My sister REL gave me a call to catch up; since she is more of a texter than an e-mailer and I am largely phone-phobic, our contact is highly sporadic. She mainly calls me when she reads math or science books and then asks me to send her more of my fiction; this has been a bit of a dry period since I've been working on longer projects, like Unidentified Objects (a feature film) and the Unnamed Digby Manscript which takes forever to write (on the grounds of being epic-scale historical fiction with urban fantasy elements throughout). I should probably dash off something short just so I can feel as though I'm getting things done - just so I can satisfy my many (perhaps as many as five) fans.
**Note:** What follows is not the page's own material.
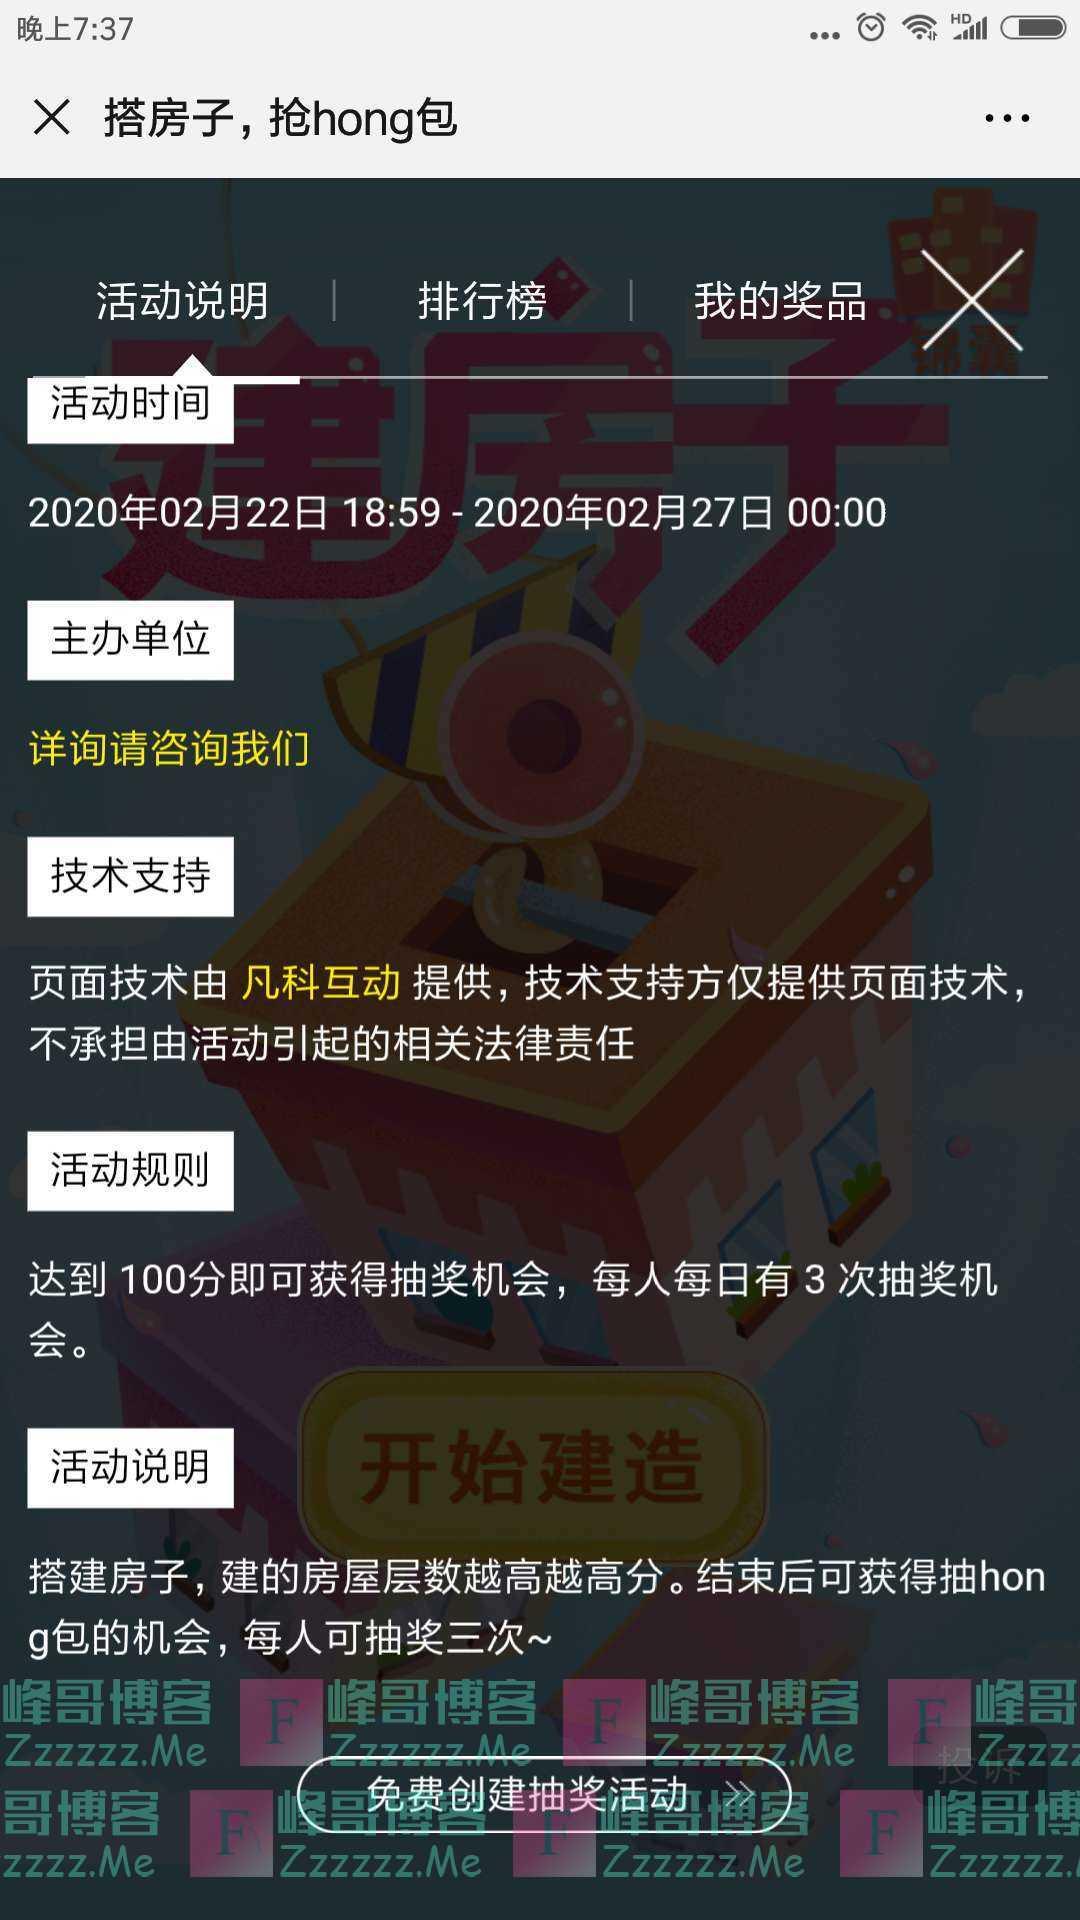 成都招商会为美好生活盖楼,抢现金红包(截止2月27日)

I think without noticing it I have fallen into a bad headspace regarding filmmaking. That headspace can be summed up in two words: production value. One of the nice things about writing is that I am on a relatively even playing field when submitting a manuscript; my typed pages look identical to anyone else's typed pages. In film, money makes it onto the screen. I'm good at making things look expensive; I can make a $5000 film that looks better than anybody else's $20,000 film. I cannot, however, make a $200 film look like a $24 million film, even though I know how to make a $24 million film, and even though I might have more talent behind my $200 film. I also can't put the same marketing and PR push behind a $200 film, nor can I trust audiences to know the difference between "that was carefully done" and "that was expensively done." Even to festivals, money is sexy. It is a sign that a film is relevant, rather than a sign that the filmmaker knew somebody with money.
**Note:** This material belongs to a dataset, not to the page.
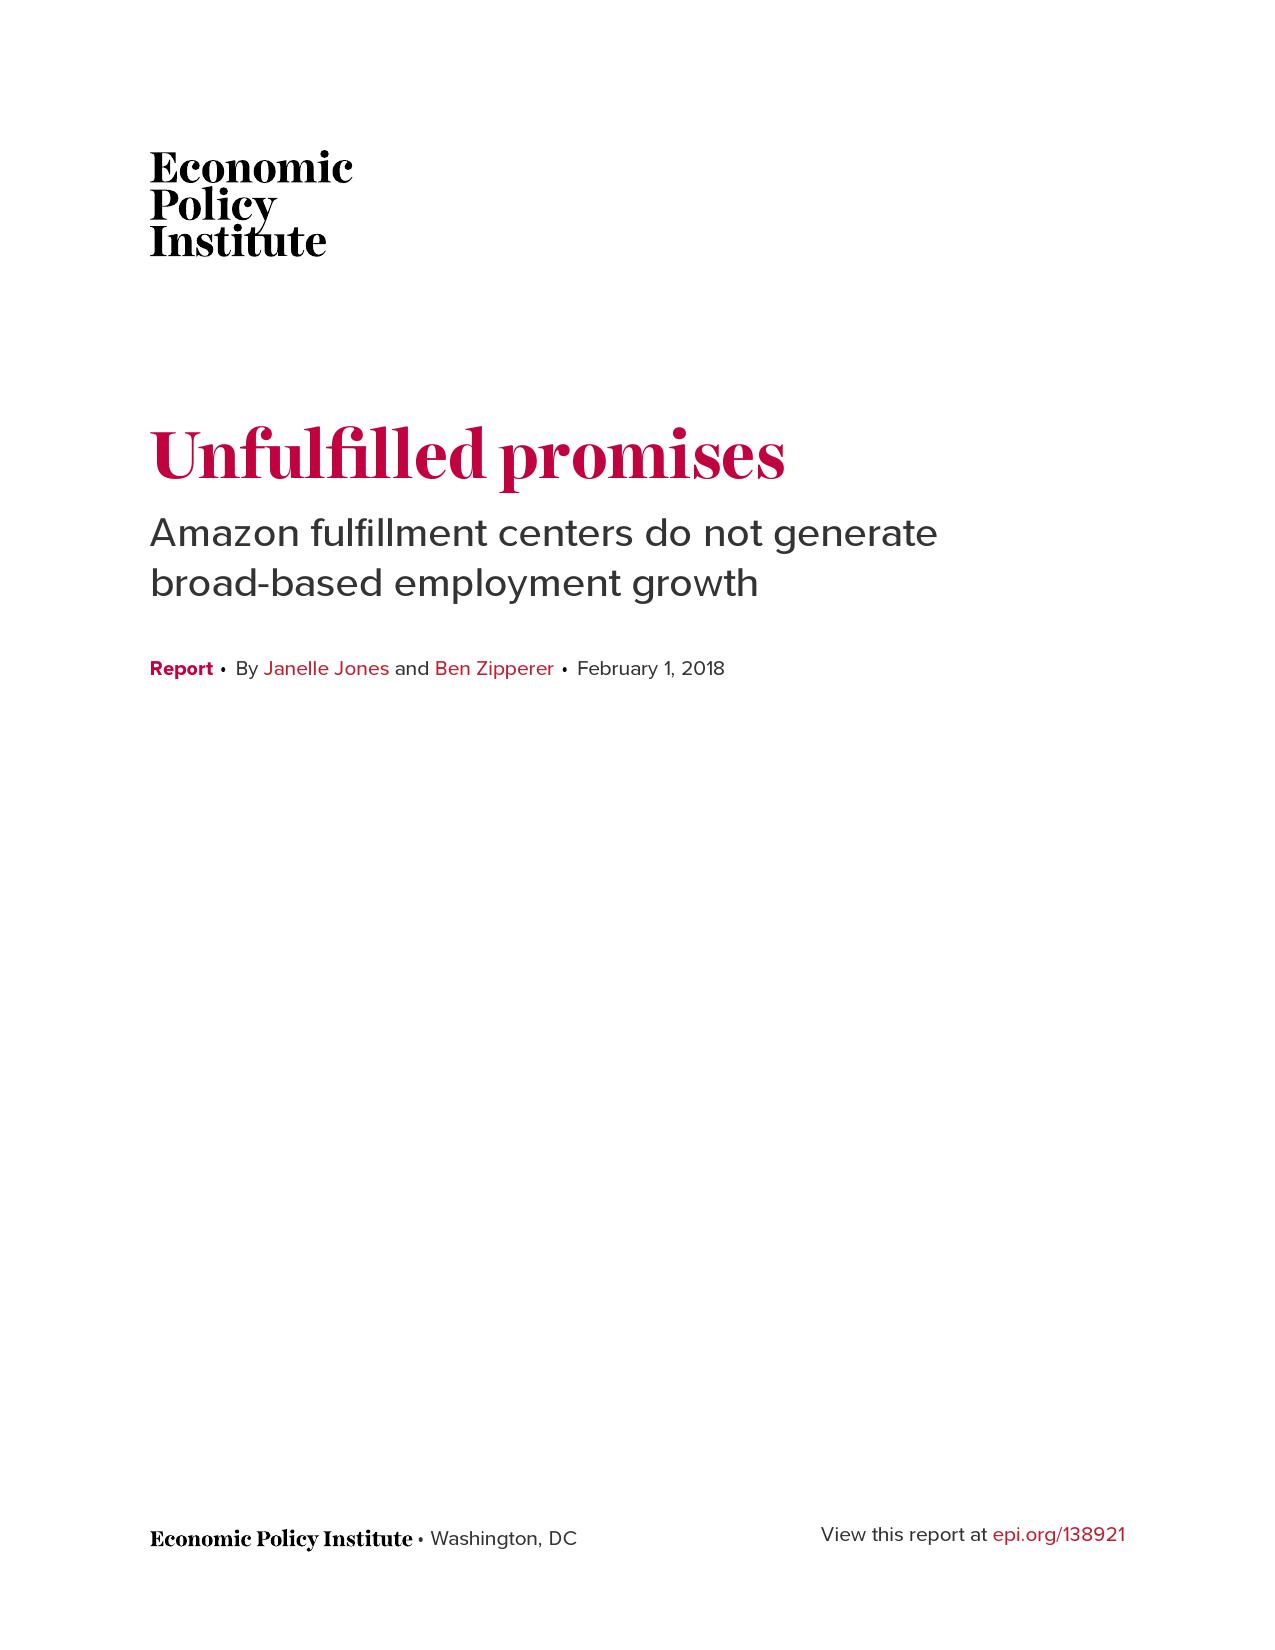 EPI:亚马逊运营中心并没有促使就业增长(附报告)

It's easy to get broken down by that, especially with distribution channels that are the way they are.

I just have to hold on and remember that films like Clerks and Once found people who watched them and loved them (not to mention that delightful madman John Waters), and that my low budgets make it possible to turn profits on internet distribution or screenings in a single theater. It's not even about new media so much as returning to the old school, when independent filmmaking was genuinely independent and not mini-Hollywood. I'm pretty sure that when Truffaut and Godard filmed in their friends' backyards and then dubbed all the sound because the cameras were too noisy, they didn't expect that many eyes to see the results.

What I really need is a friend who owns a decent-sized space and a projector. And for god's sake, I need unrestricted access to a video camera that isn't my cell phone. It's absurd to have lighting equipment, an editing suite, a tripod, and no camera. It's one of those problems where I know enough about both cameras and money that I am paralysed by the choice map. What I'd like is a $400 camera that shoots 1080p and gives me control over white balance, gain, and exposure. Some optical zoom would be nice, as would low-light performance and control over focus. Whether such a camera exists, I cannot say. I suspect not. I should probably stop moaning and go with something cheap and lo-fi like the Flip.